Bazı insanlar hırsları yüzünden kör olup geleceği düşünmekten şimdiki zamanı bir türlü yaşayamazdı, Kral Park da bu insanlarla aynı kaderi yaşamıştı. Krallığının geleceğini kendi elleriyle inşa ederken şimdiki halini doya doya yaşaması mümkün olmamıştı.
Bu ani ölüm yeni bir kral getirmişti halka, babasının isteği üzerine tahta çıkan Park Jimin hiç de babasına benzemiyordu. Toprakları dört bir yana dağılmış koskoca Park krallığının yeni kralı, her şeyiyle krallığına oldukça tezattı.
Görkemliydi Park krallığı, uzaktan bakan bir göz imrenirdi bu topraklara ama Kral Jimin kendini bir kez olsun toprakları kadar görkemli hissedememişti. Acizdi kendi gözünde, kral olmayı hak edemeyecek kadar aciz bir bedene ve ruha sahipti.
Ne beklenirdi ki zaten, gencecik yaşında, toy bir gencin omzuna bu denli bir yük koymak ne kadar mantıklıydı?

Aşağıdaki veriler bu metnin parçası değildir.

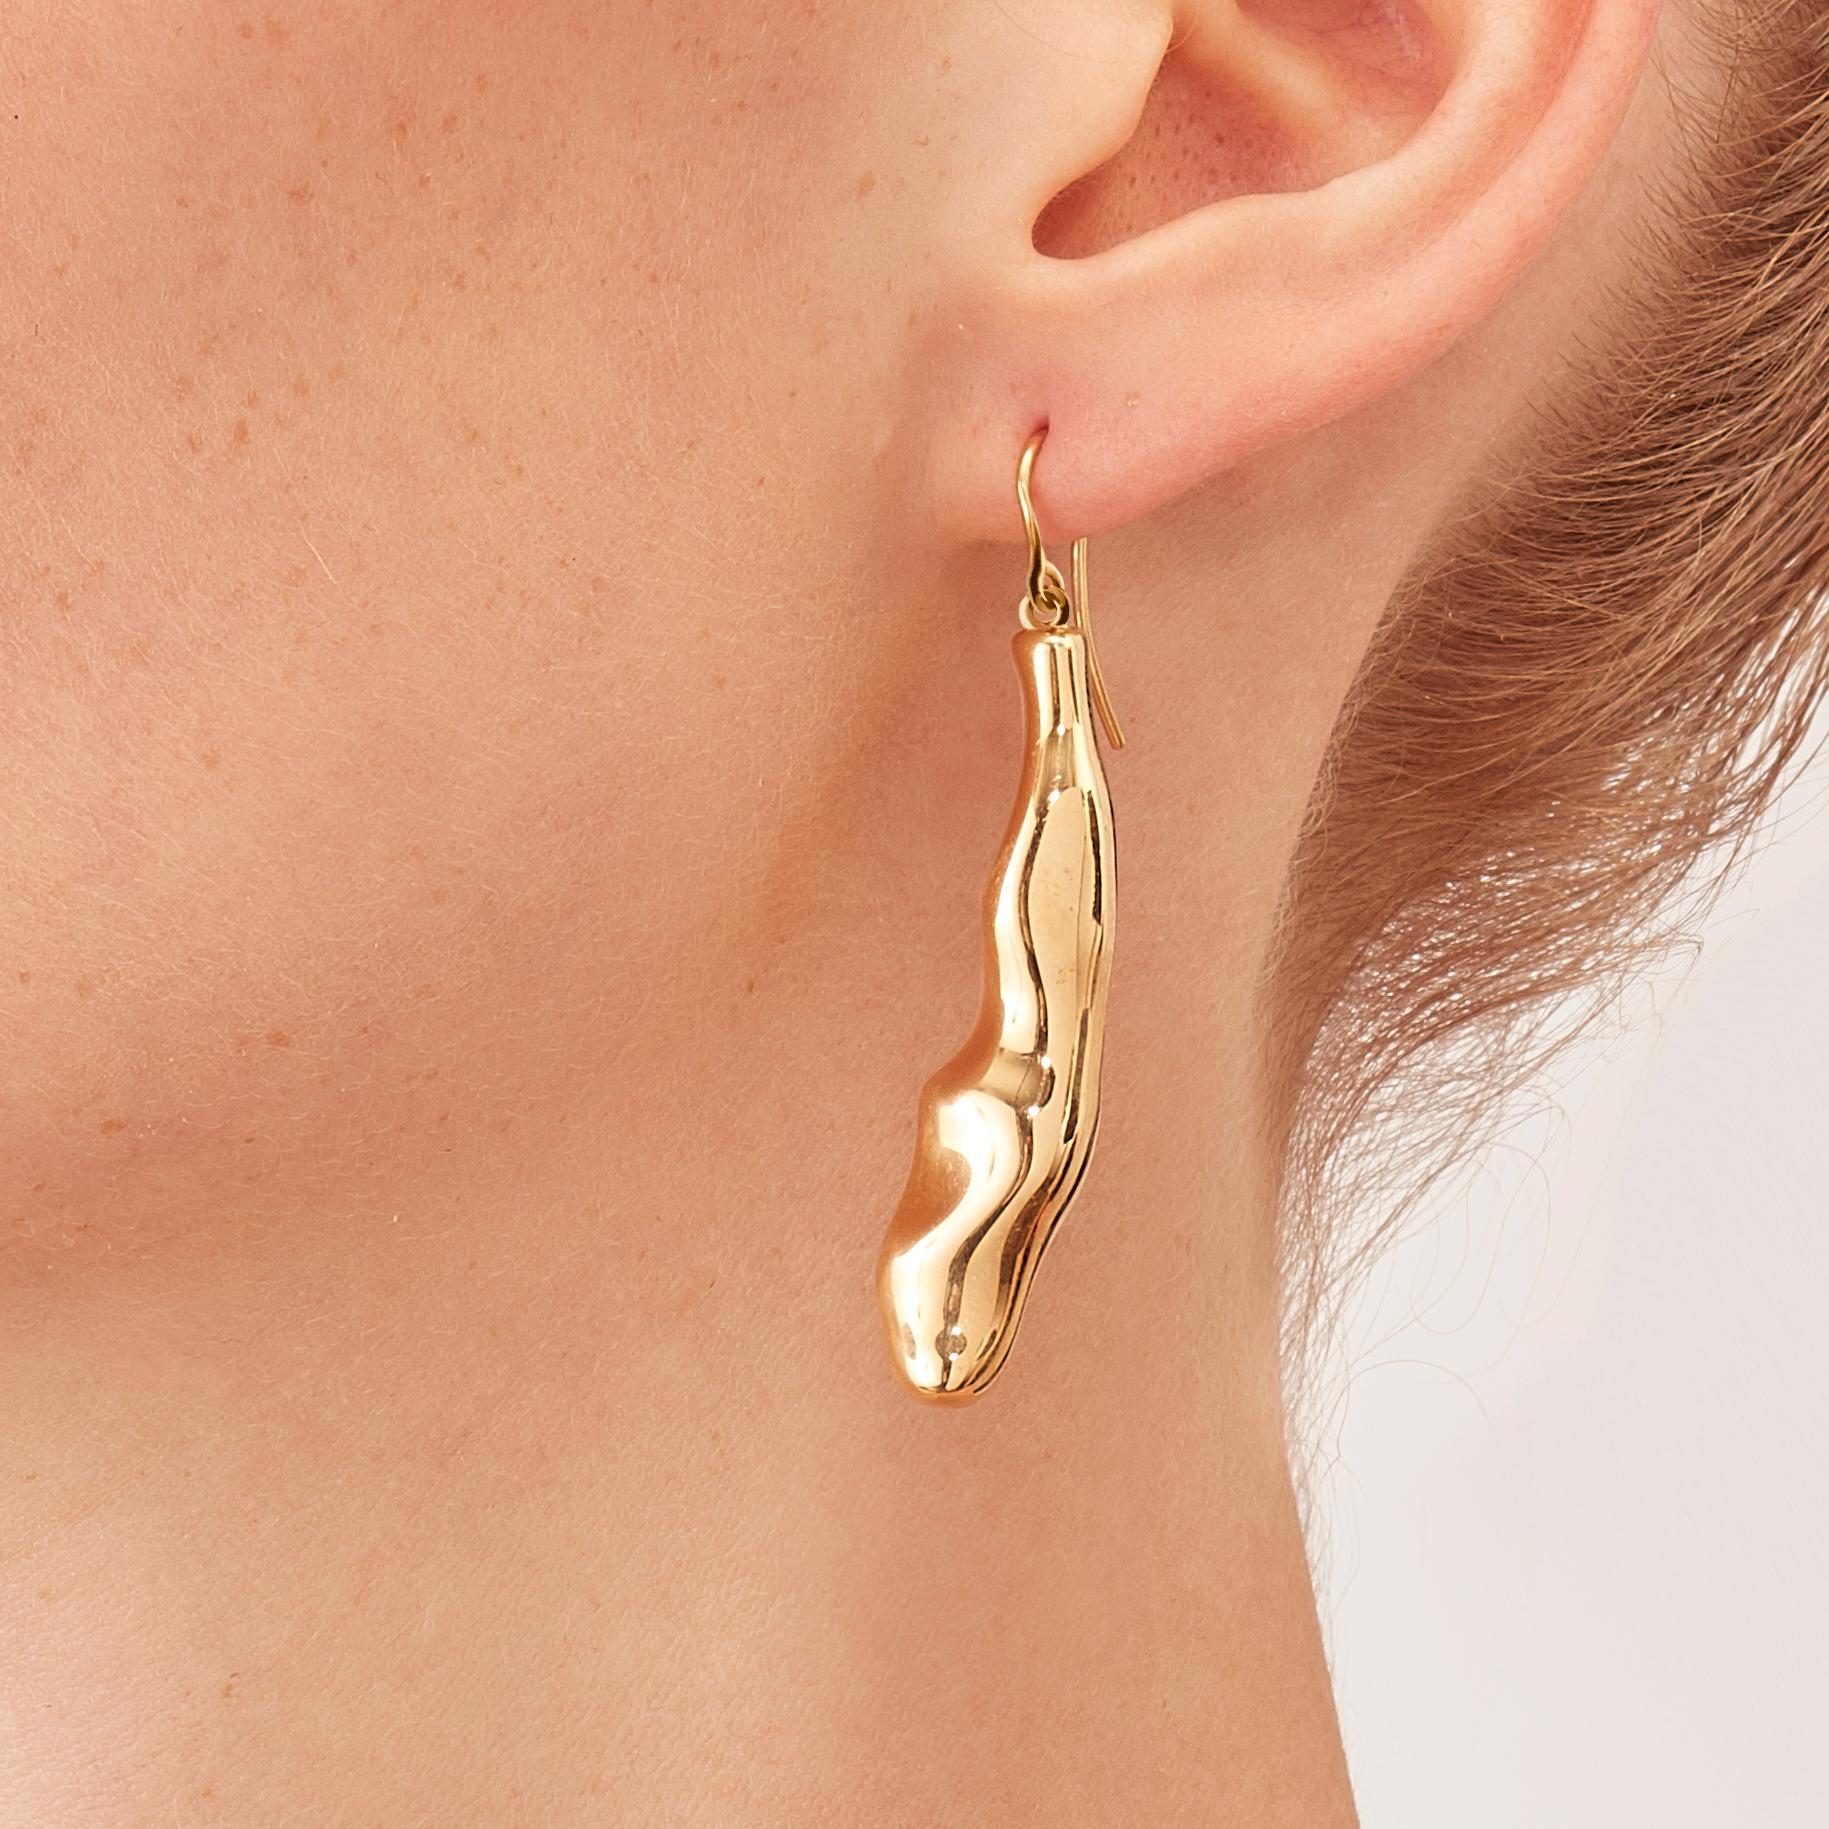 Made by hand in Nathalie Jean's Milan atelier in limited edition, the Mercure Contemporary Drop Dangle Earrings are in 18 karat rosé gold, a warm, sophisticated color close to yellow gold. Small, delicate, ebbing sculptures with seemingly random

Büyüyememişti Jimin, o tahta nasıl oturacağını bile bilmezken önüne serilen bu koca dünya başını döndürmüştü, feleği şaşmıştı zavallı bedenin.
Park Krallığının surları her türlü düşmana ve saldırıya çelikten yapılmışçasına dayanıklıyken, Jimin kendi ruhu için aynı şeyleri söyleyemezdi. Narindi Park Jimin, bir kralın olamayacağı kadar narin bir alfaydı. En küçük saldırıda bile yıkılabilecek kadar naif bir ruha sahipti.

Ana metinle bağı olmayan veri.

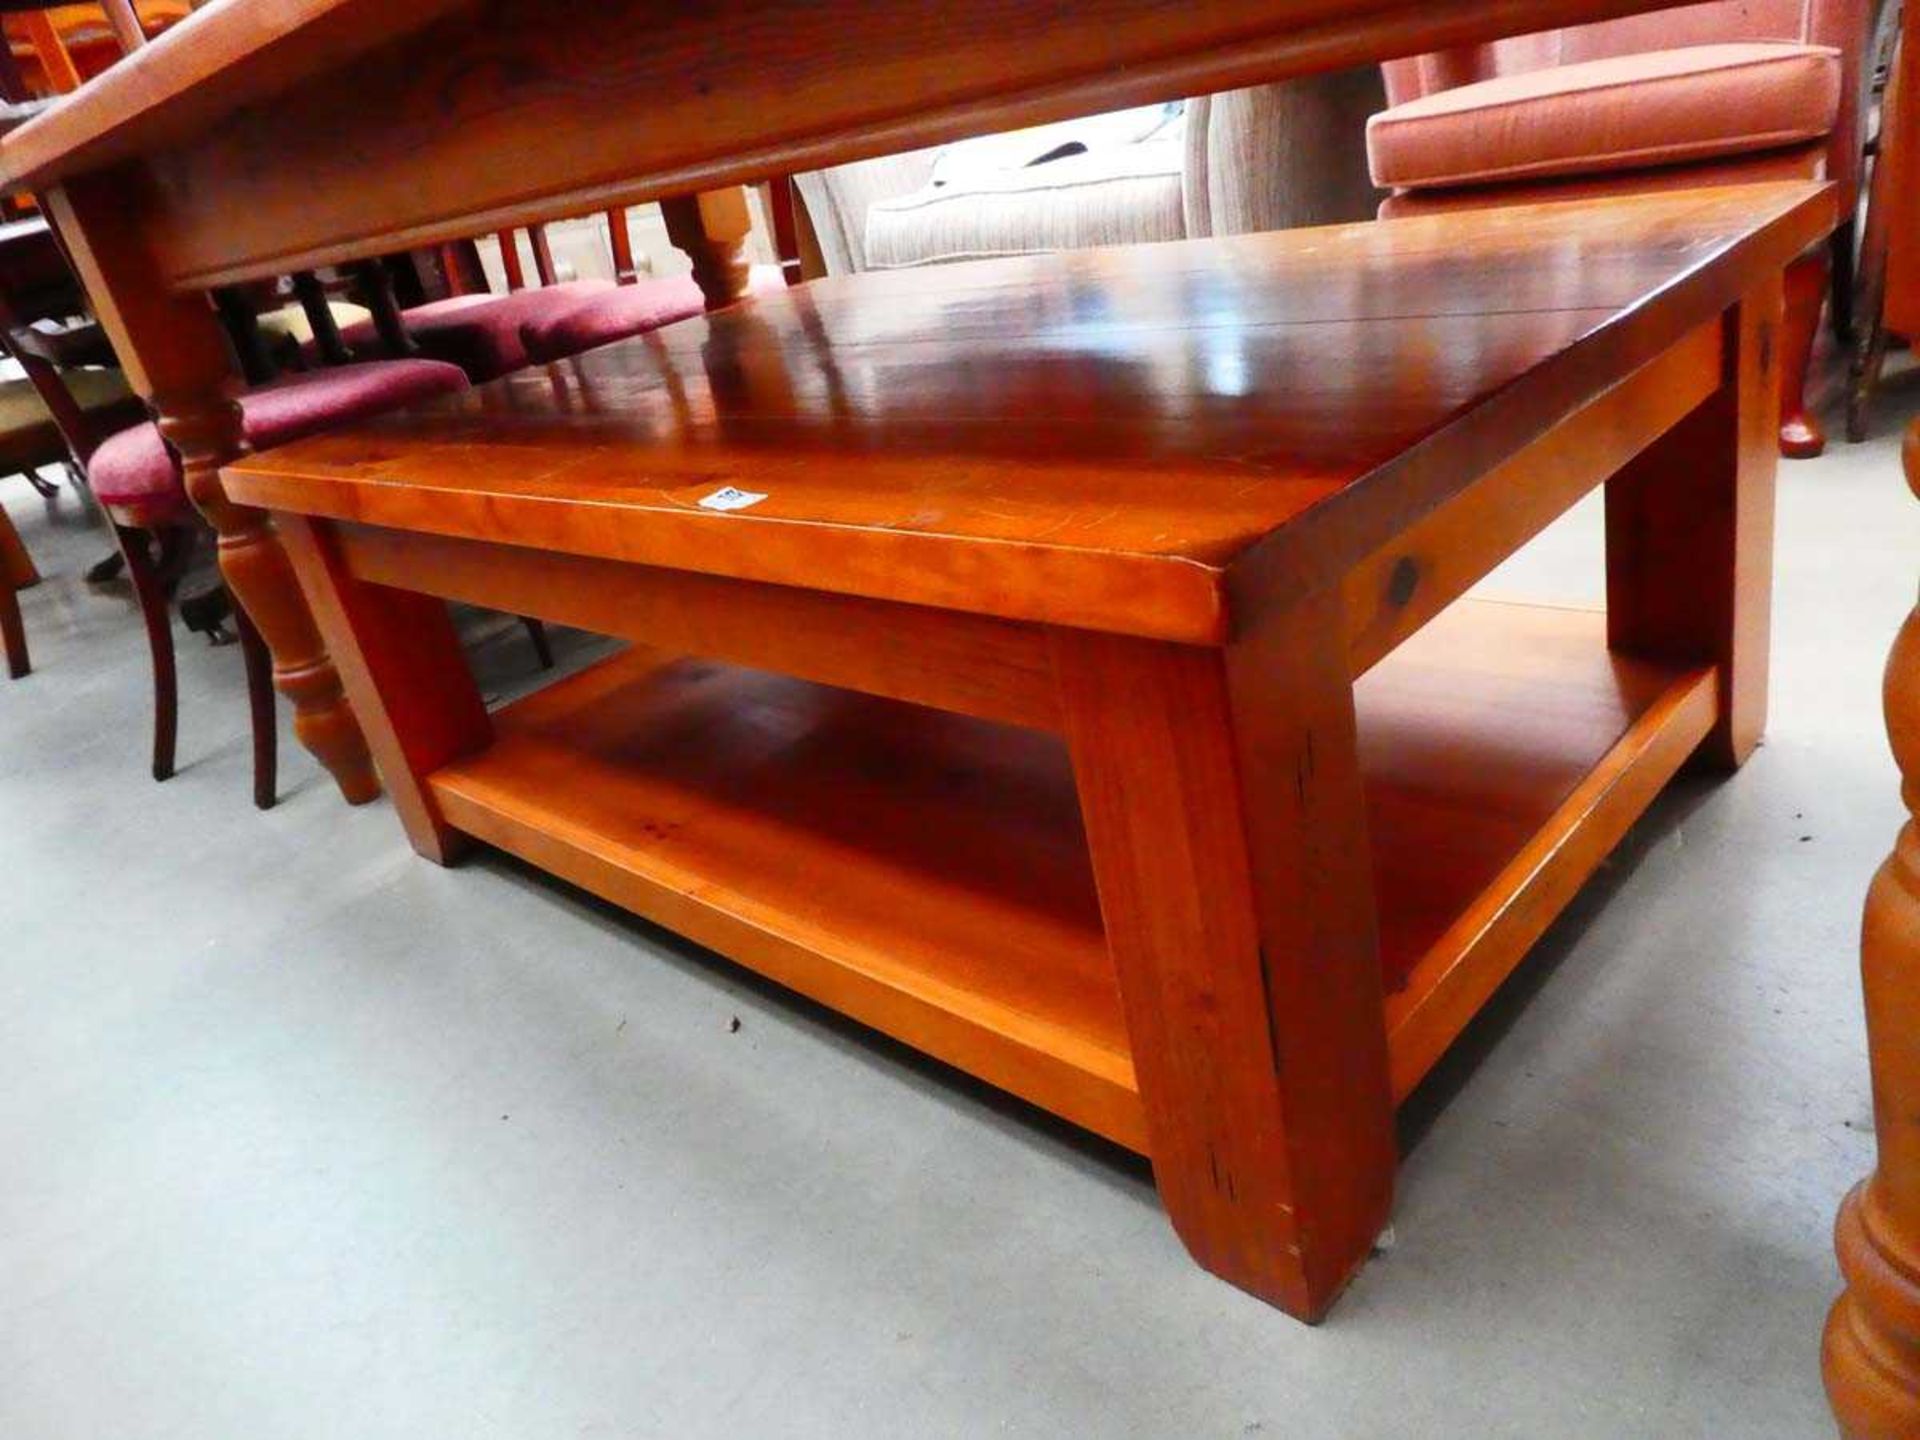 Large pine coffee table with single shelf under

Bu yüzdendi halkın onu sevemeyip, benimsememesi. Halk kan döken, onlar için daha fazlasını verebilen bir kral istiyordu, Park Jimin gibi korkup, kabuğuna çekilen bir kral değil.

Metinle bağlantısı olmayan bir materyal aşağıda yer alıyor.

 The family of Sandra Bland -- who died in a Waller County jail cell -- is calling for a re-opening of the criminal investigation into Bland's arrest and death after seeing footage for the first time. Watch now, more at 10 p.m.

Zavallı gencin babası gibi çevresindeki insanlara korku salması imkansızdı, üzerindeki altın işlemeli kıyafetler ve ağırlığından taşımakta zorlandığı görkemli tacı olmasaydı saygı duyulmayacağının da gayet farkındaydı. Yaptığı şeyler değil, üzerindeki ağır sıfattı ona saygı duyduran, milletin önünde boynunu bükmesini sağlayan.
Diğer krallar gibi olamamıştı hiç, merhum babası gibi sert yüz hatları yoktu, ya da düşmanlarına korku salabileceği güçlü feromonlarla da doğmamıştı, aksine yumuşak yüz hatlarıyla, naif sesiyle ve eşsiz ferah kokusuyla etrafındakilere huzur vermekten başka bir işe yaramıyordu. Belki de çoğu kişinin istediği özelliklere sahipti ama Jimin bunların hiç birini istememişti.
Jimin'in istediği tek şey güçtü, biraz daha güçlü durabilmek, bir kralın özelliklerine sahip olabilmek, halkına kolayca boyun eğdirebilmek. Tüm kralların yaptığı bu değil miydi zaten? Neden işler kendisine gelince bu denli zorlaşmıştı?
Tahta çıkması kolaydı, babasının son arzusu üzerine kimseyle savaşmadan, kan dökmeden kolayca oturmuştu herkesin hayallerini süsleyen o malum koltuğa.
ŞİMDİ OKUDUĞUN
La Douleur Exquise / yoonmin (ara verildi)
FanfictionPark Jimin zarif bir alfaydı, savaş meydanlarında boy gösteremeyecek kadar narin bir kraldı. Zayıflıklarının farkında olmak onu zaman geçtikçe çok daha korkak bir krala çevirirken bir anlaşma sonucunda sarayına adım atan omega, tüm tarihi baştan yaz...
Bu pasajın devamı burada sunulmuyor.